Наряду с включением темы «Мусатов и символизм» подробнее рассказано об успехе первой зарубежной выставки Мусатова в Германии и Франции. Дополнен и финал книги, включая рассказ о последних тарусских шедеврах.
Конечно же, в переиздании учтены новые и полнее, чем прежде, использованы старые труды отечественных и зарубежных специалистов, а также исправлены мелкие неточности.
В целом можно сказать, что дополненное издание не только лучше представляет окружение, мир «позднего» Мусатова, но и дает более полное представление о психологии творчества художника, особенностях его творческого метода (тут и опосредованное воздействие литературных впечатлений, и образная трансформация реальной натуры, и прием использования фотографий в рабочем процессе).
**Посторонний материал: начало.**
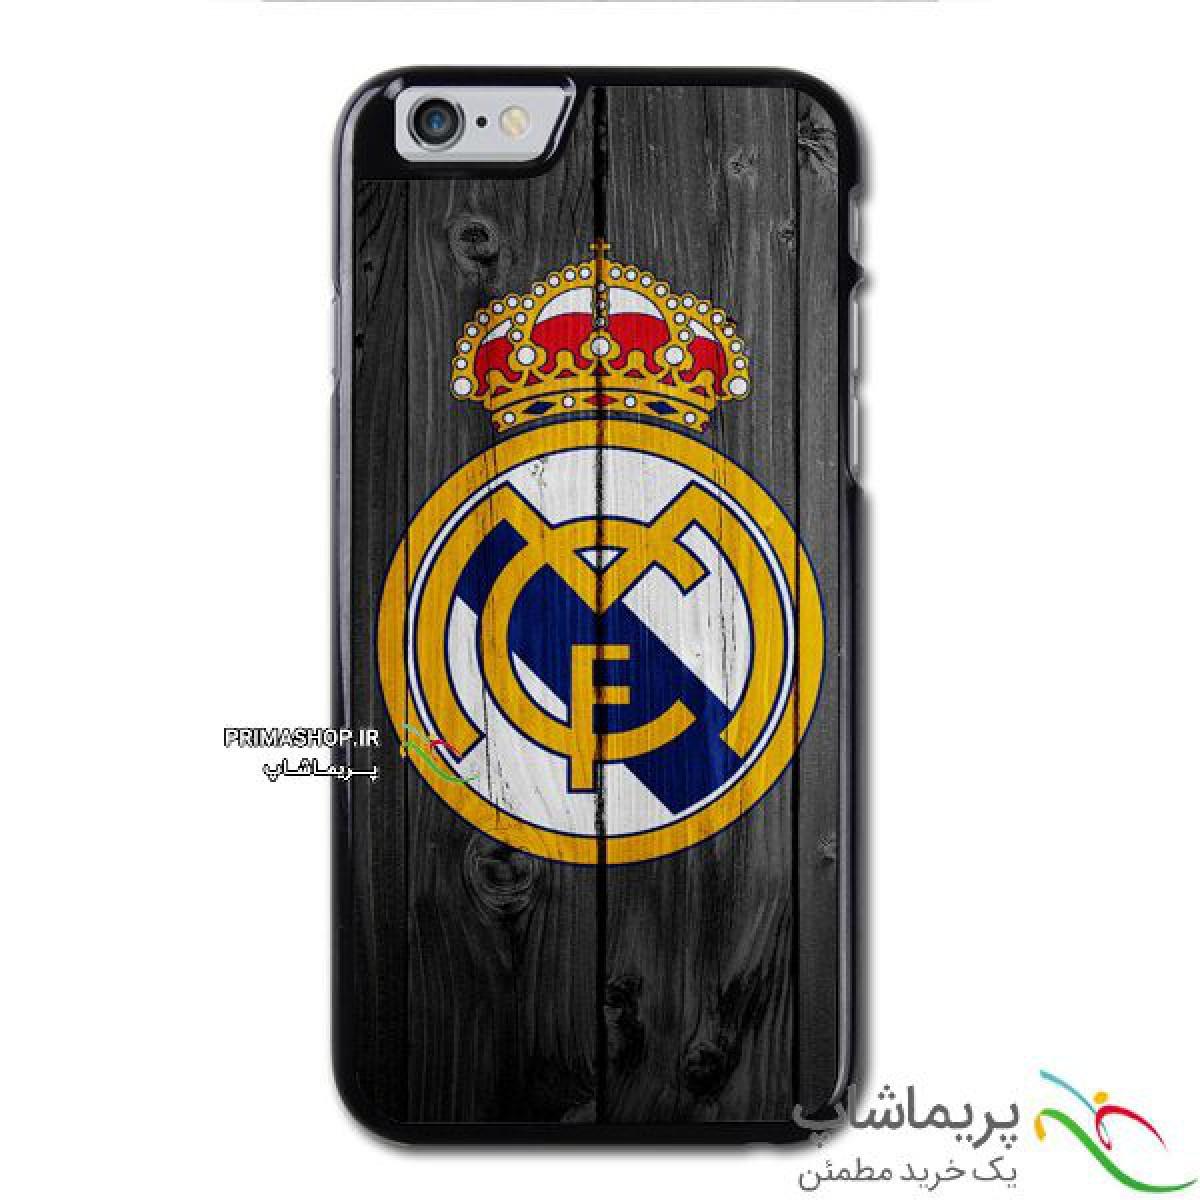 قاب موبایل رئال مادرید جدید 2017(3)
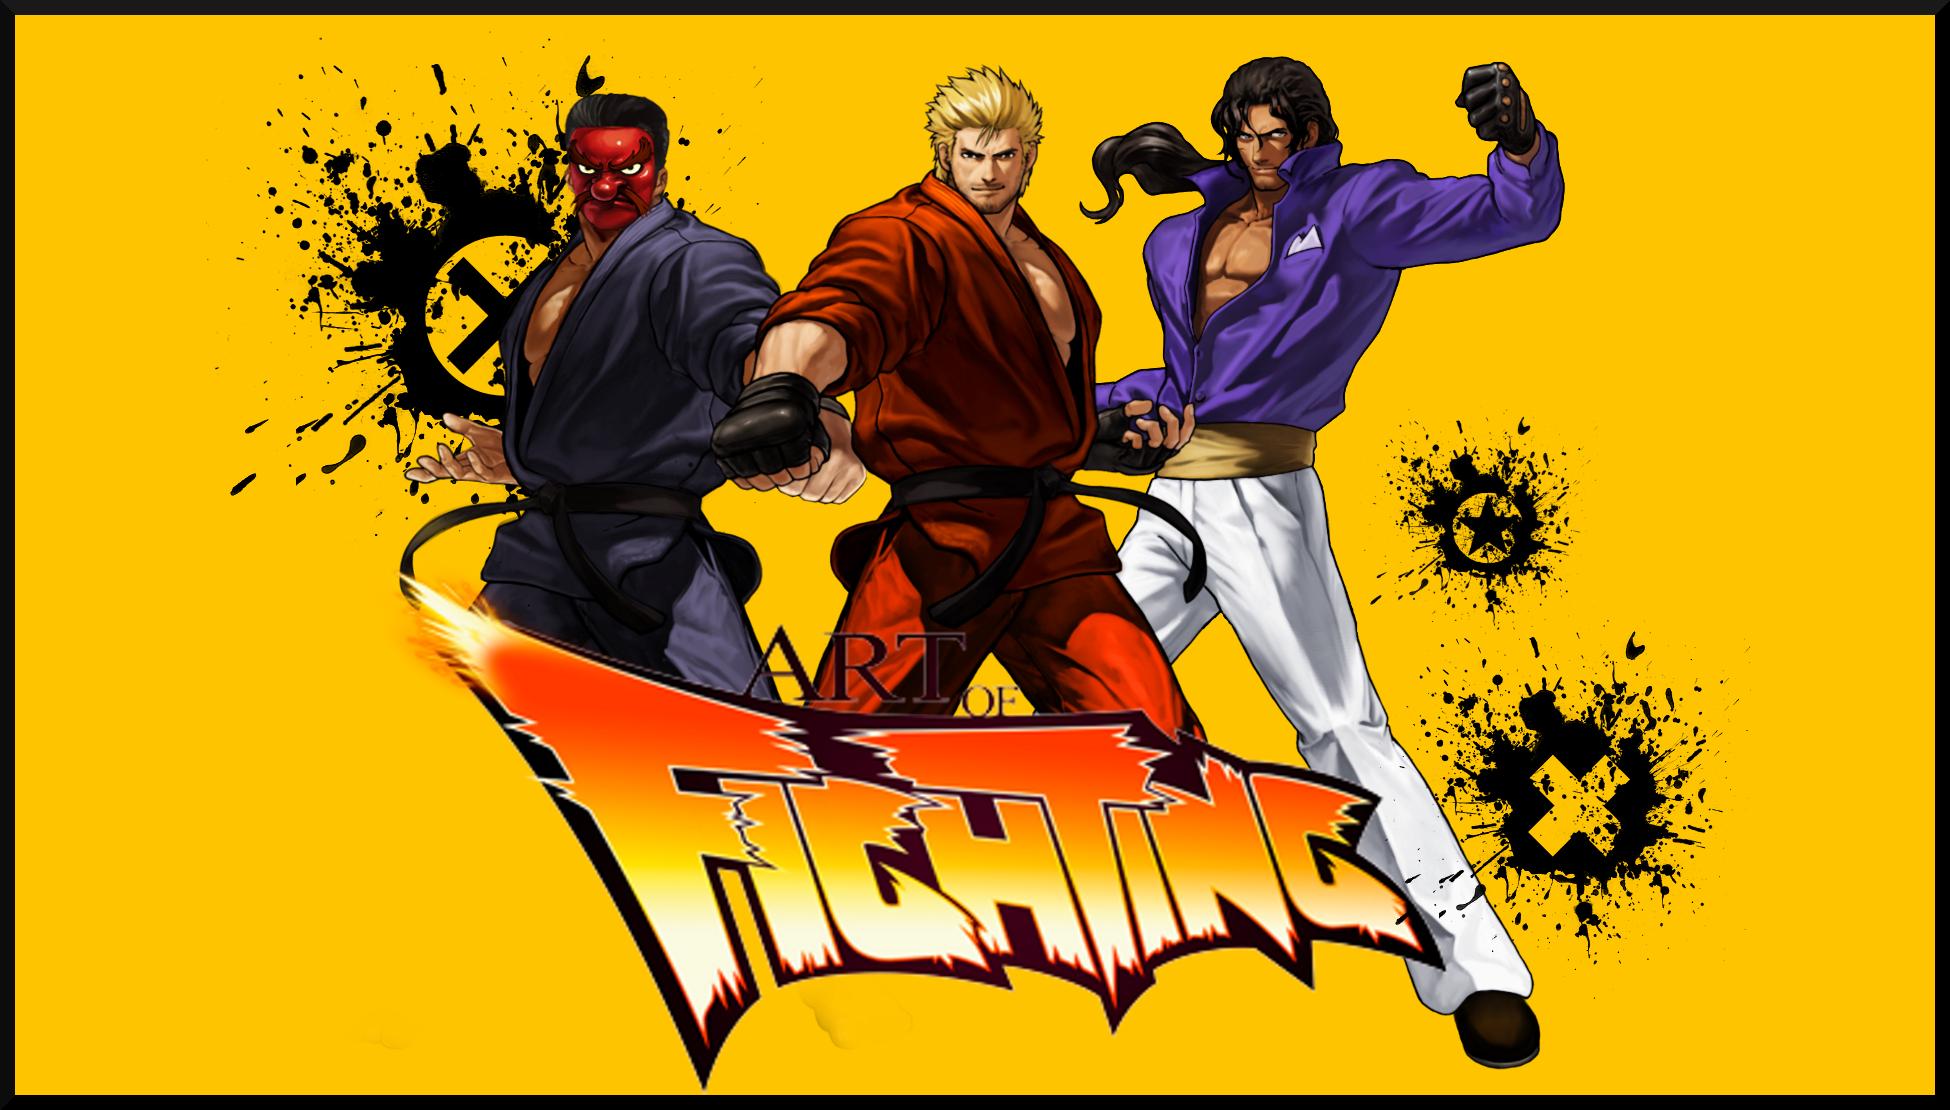 Kof Art Of Fighting Kyoguken Ryu Team By Topdog4815 On Deviantart

В переиздании, пожалуй, значительно сильнее звучит давно назревшая тема, которую А. А. Русакова справедливо обозначила в своей недавней книге о русском живописном символизме как «Мусатов и время».
Очевидно, ощутимо и то, что в книге, в самой «плоти» повествования есть ходы к ряду возможных частных исследований (очень условно можно назвать некоторые из них: «Мусатов и музыка», «Мусатов и театр», «Мусатов и русская поэзия — как XIX, так и рубежа XIX–XX веков», «Мусатов и искусство художественной фотографии», «Мусатов и Московское товарищество художников», «Мусатов и мир русской усадьбы», «Мусатовские места России» и т. д.).
Новым и принципиально важным в переиздании книги является включение в ее оформление еще одной (средней) фототетради, которая как бы перекидывает мост между первой и третьей — между «бытом» и искусством. Это не просто нарушает стереотип: жизнь — отдельно, творчество — отдельно. В случае с Мусатовым это тем более оправдано особенностями его психологии: его творческая лаборатория обычно была скрыта от постороннего глаза, тут Мусатов был поистине «сокровенным человеком». Теперь можно хотя бы походя заглянуть в эту лабораторию…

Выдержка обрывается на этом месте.